O maior momento do disco é na verdade um cover. A icônica ‘Mad World’ (1982) da banda Tears for Fears, que já foi regravada na voz de milhares de intérpretes, agora ganha uma versão na voz de Lovato. Nesta versão, que se aproxima mais à dramaticidade e melancolia da roupagem que foi para o filme “Donnie Darko” (2001), o sentimento de “voyeurismo” pela vida parece se conectar com todo conceito do álbum e eleva os níveis.
A animada balada de violão ‘Butterfly’ é intrigante, e em conjunto com a introspectiva ‘Good Place’ formam um final perfeito. Esta última soa como um resumo de tudo o que foi abordado. É uma balada de violão sem segredos e intimista, que ganha força ao decorrer de sua duração, e que é confortante.
Em sua sonoridade, podemos dizer que a artista está em seu melhor momento
Com momentos altos e baixos, faixas animadas e outras introspectivas, e uma levada do country ao mid-tempo, o que chega até mesmo espantar é o zelo por criar um disco extremamente coeso.

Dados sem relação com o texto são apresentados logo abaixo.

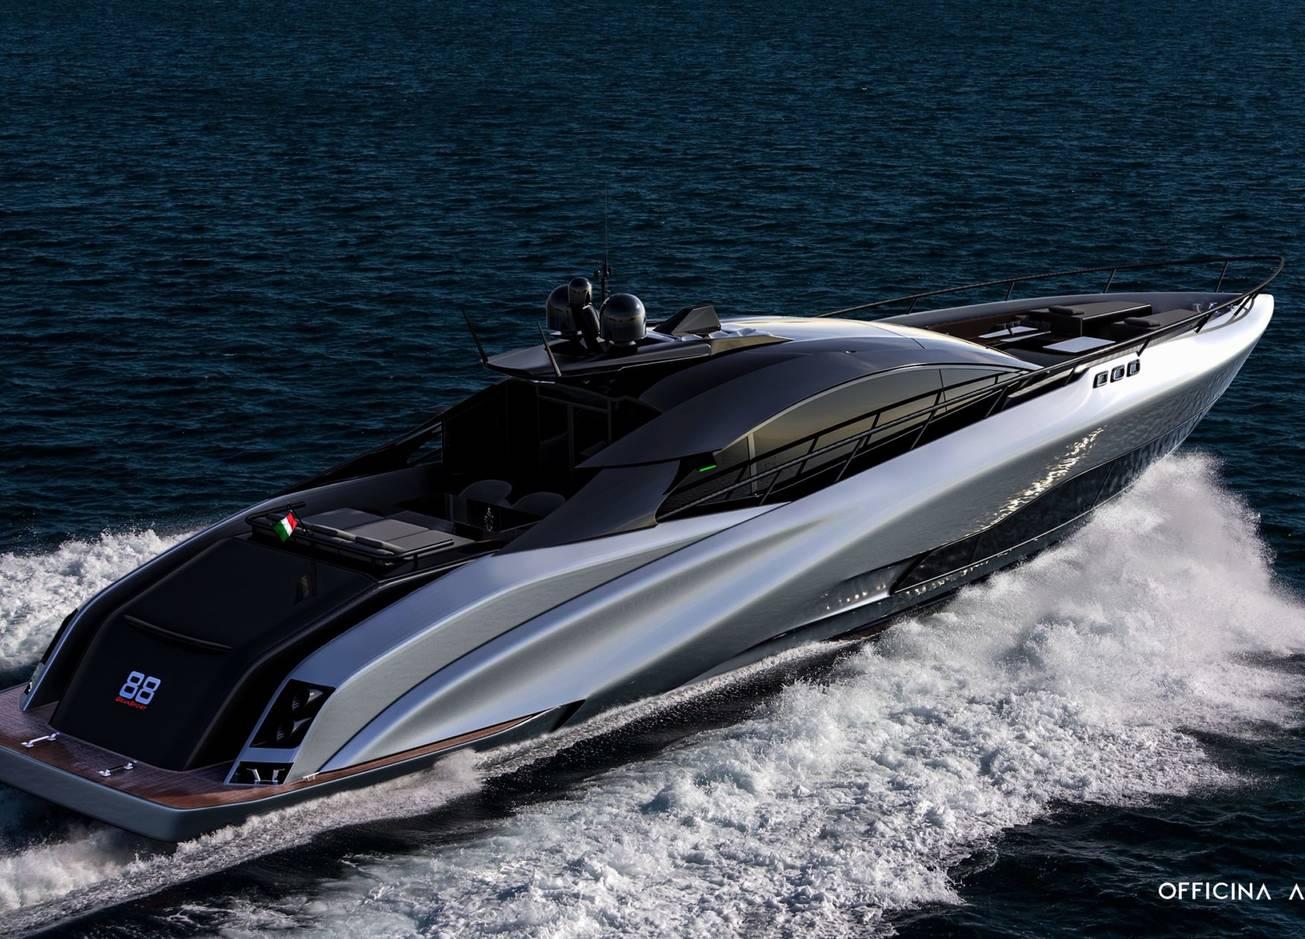 Морской Lamborghini: концепт яхты A88 Gransport от Officina Armare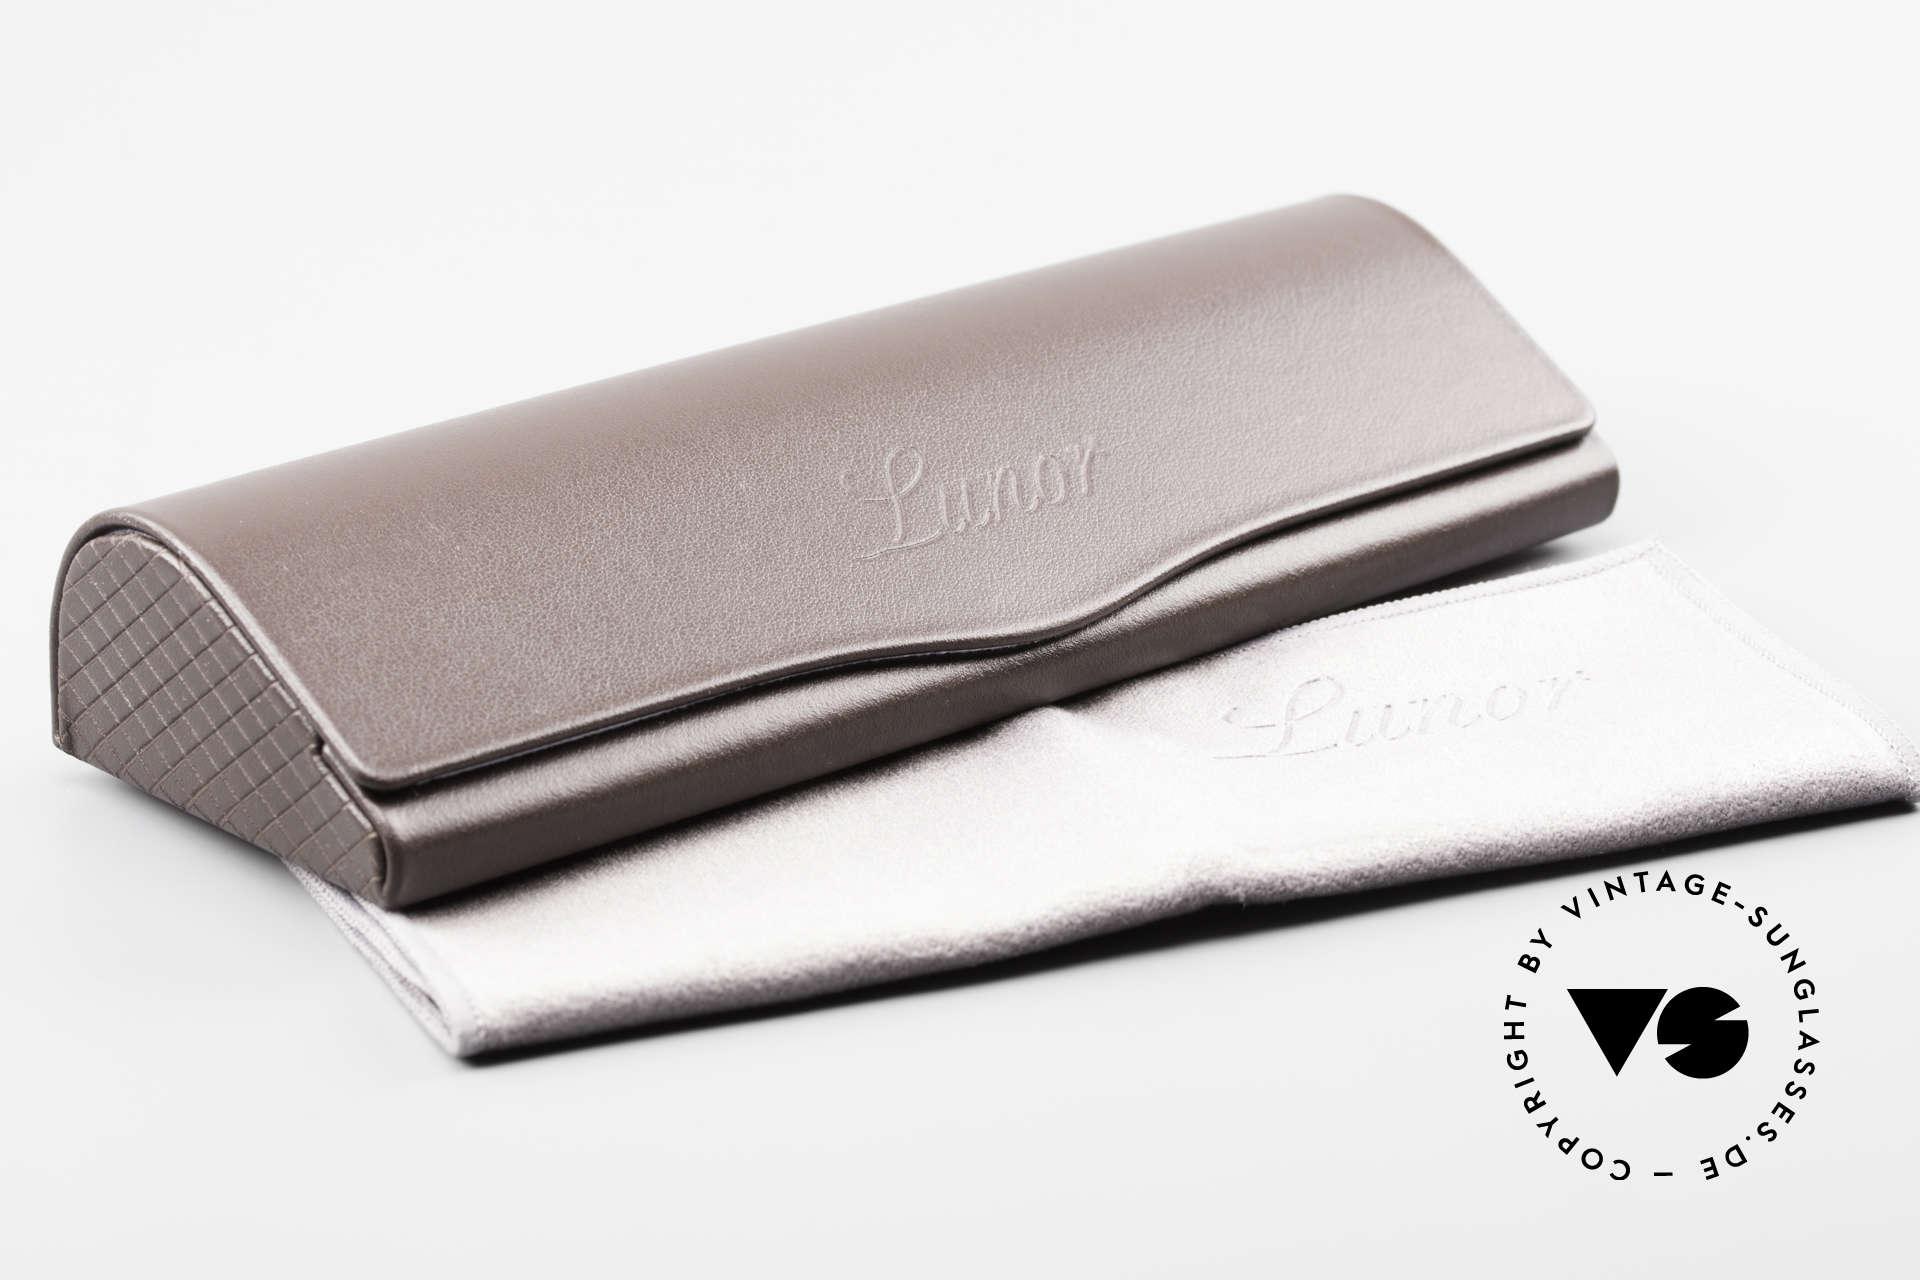 Lunor XA 03 Extraordinary Eyeglass Design, Size: medium, Made for Men and Women

A impressão que “Dancing With The Devil… The Art of Starting Over” passo no final é de leveza. Apesar de uma profunda imersão em algumas letras trágicas, Demi Lovato não é mais a “menina” de ‘Skyscraper’. E toda essa maturidade ressoa em um conteúdo lírico ponderado e na medida certa. Um perfeito “recomeço” para Demi Lovato.